Review ARM changes before your pipeline deploys to Azure

Setting up automated deployments is an improvement for your software delivery. But what if you want to check the Azure RM changes before the actual deployment?

One of the best things you can do to improve your software delivery is starting to automate your builds and deployments. The same counts for infrastructure, certain once you start looking at multiple environments. There are plenty of IaC tools out there, personally I’ve been using (and posted on) Bicep a lot lately.

Problem

CI/CD allows you to roll back to previous deployments rather easily. But messing around with Azure Resource Manager can become troublesome fast, certainly if you work with incremental deployments and don’t have a test environment that you can wipe completely. A possible use case might be your Azure Landing Zone where it might be too costly to duplicate all networking components for a second test environment.

Luckily Azure Resource Manager commands have a what-if flag that runs your complete ARM template against your Azure tenant, but outputs the changes that will be made rather than applying those changes.

What-if results

We have our CI/CD pipeline running and it would be nice to pause and be able to see the changes of a particular step before actually deploying to our Azure tenant. This can be solved in multiple ways and today we’ll focus on the multi-stage pipelines of Azure DevOps (which are slowly replacing class Releases pipelines).

For this example, we’ll be using the multi-stage Bicep Landing Zone Deployment from the previous post.

First try: Approvals and Environments

You can make a pipeline wait by adding a gate. There are plenty of options to wait on, for our case we’re looking at the built-in approval process combined with environments.

You can follow the setup on the official docs in detail, but in short, we’ll define a new environment and assign an approver.

Environment setup

Go to Environments, create a new environment and give it a useful name. Next, go into the details of the environment, open the action menu on the top right and select Approvals and checks.

Environment Approvals Menu

Add a new check by clicking the + button on the top right, select Approvals and assign a user/group. The rest of the options can be left as default or be changed to your needs. This dialog also shows the other options described on the docs linked above.

Environment Approvals Menu

This completes the environment part as a prerequisite of our approval pipeline.

Add environment to the pipeline

The very first time I tried this, my initial thought was to simply slap the environment property on each job. But as mentioned in the previous post, only deployment jobs run against a specific environment.
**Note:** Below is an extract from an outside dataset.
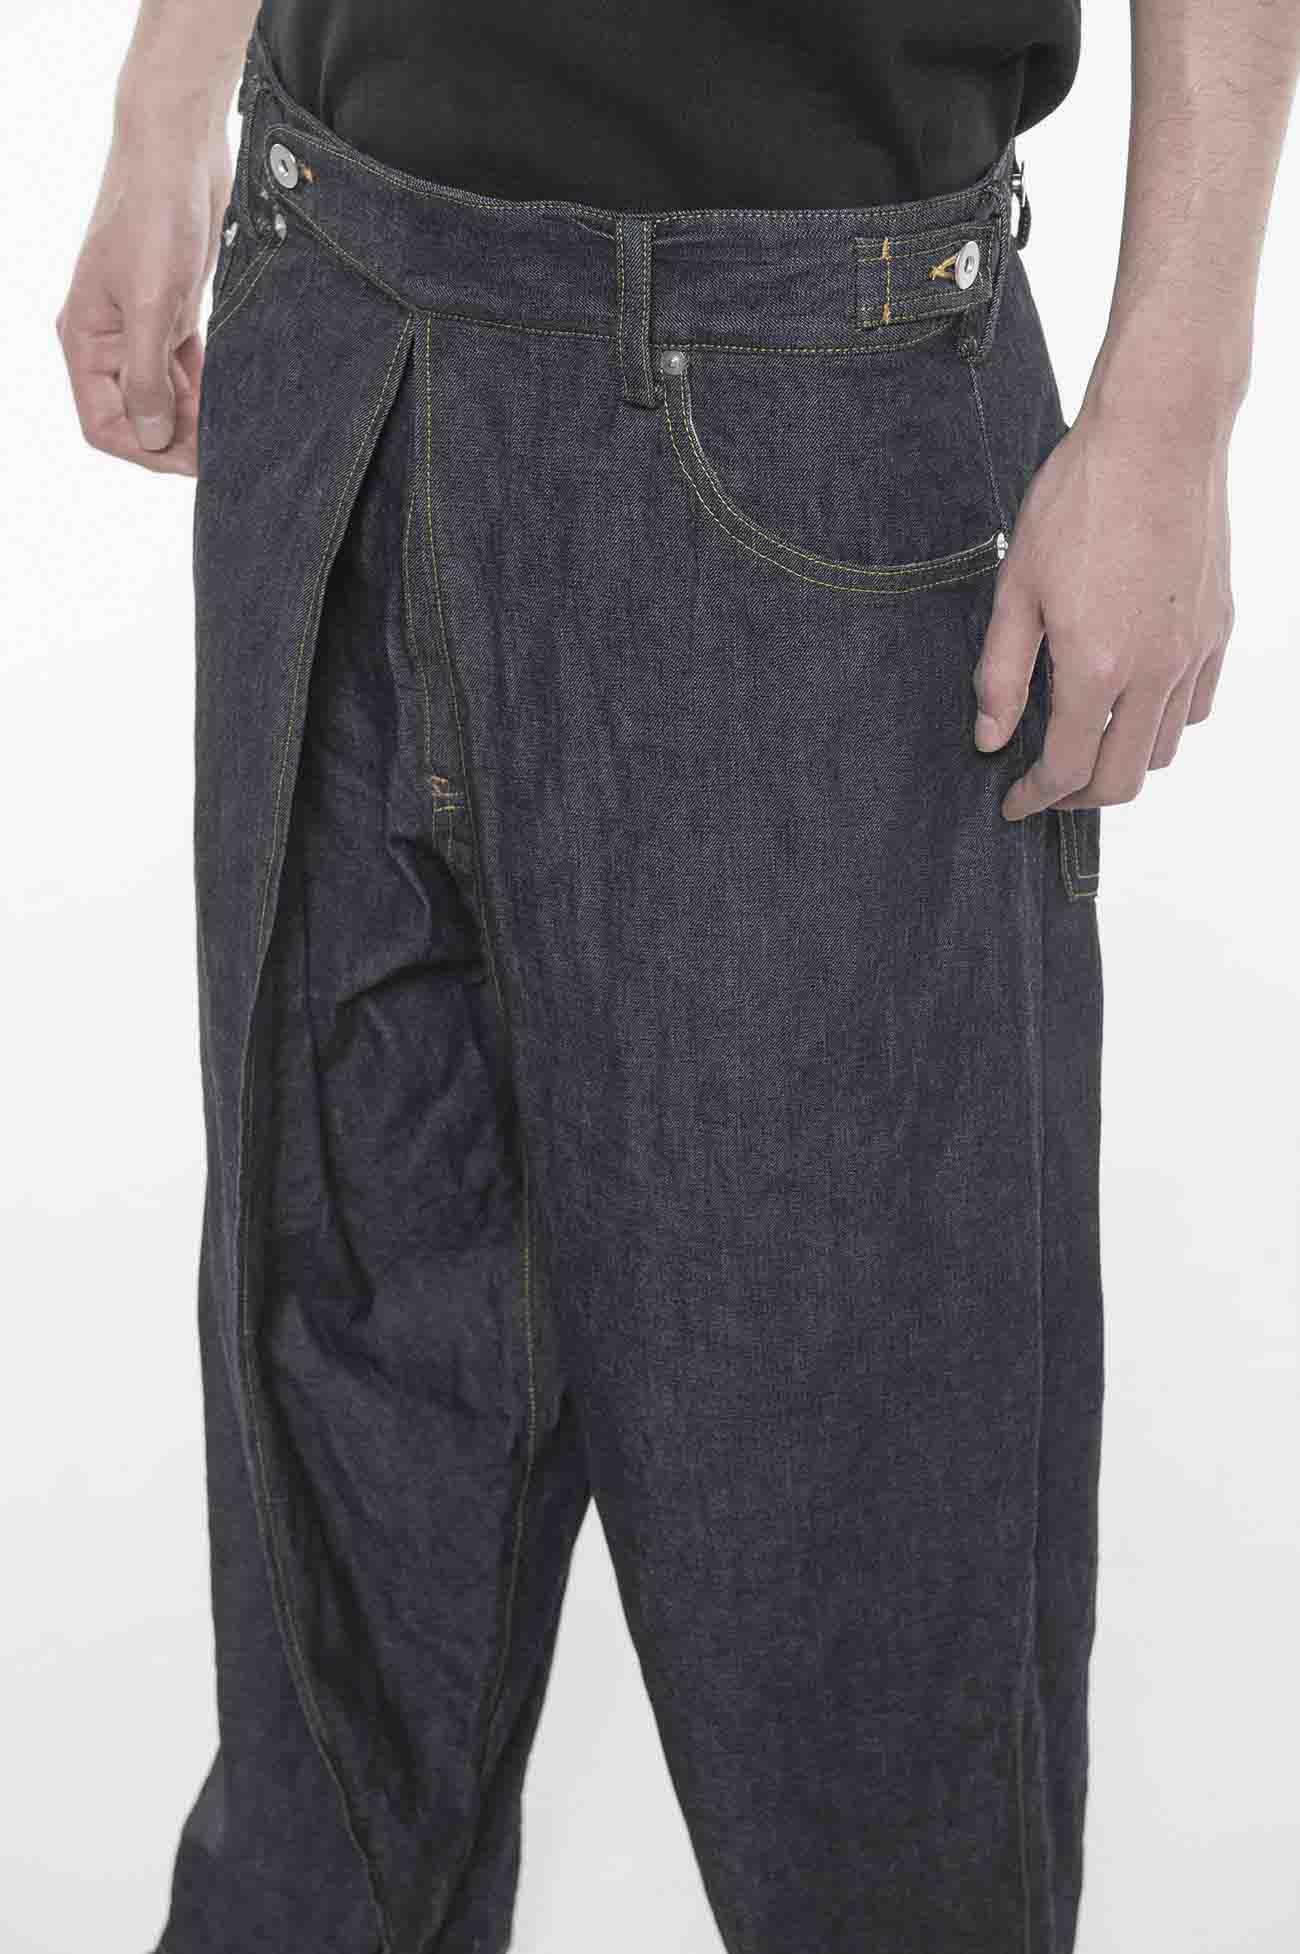 10 oz Denim Center Wide Tuck Pants

This is our initial YAML fragment:

variables:
  ServiceConnectionName: "ALZPipelineConnection"
  ..

stages:
- stage: ManagementGroups
  displayName: Deploy Management Groups
  jobs:
  - job: DeplopyManagementGroups
    displayName: Deploy Management Groups
    steps:
    - task: AzureCLI@2

And since we have to convert the job to a deployment job, we’ll add some extra levels of elements and finally add the environment:

variables:
  EnvironmentName: "ALZ-Production"
  ServiceConnectionName: "ALZPipelineConnection"
  ..

stages:
- stage: ManagementGroups
  displayName: Deploy Management Groups
  jobs:
  - deployment: DeplopyManagementGroups
    displayName: Deploy Management Groups
    environment: $(EnvironmentName)
    strategy:
      runOnce:
        deploy:
          steps:
          - task: AzureCLI@2

Testing our changes

The very first time you try to run the pipeline with this deployment job and environment, you’ll have some extra work to do to set all permissions. The UI is pretty straight-forward. First you see the warning that the pipeline needs permission to the newly created environment and your stage is waiting.

Environment Approvals Menu

Simply click the button and verify that the pipeline is trying to access the correct environment resource.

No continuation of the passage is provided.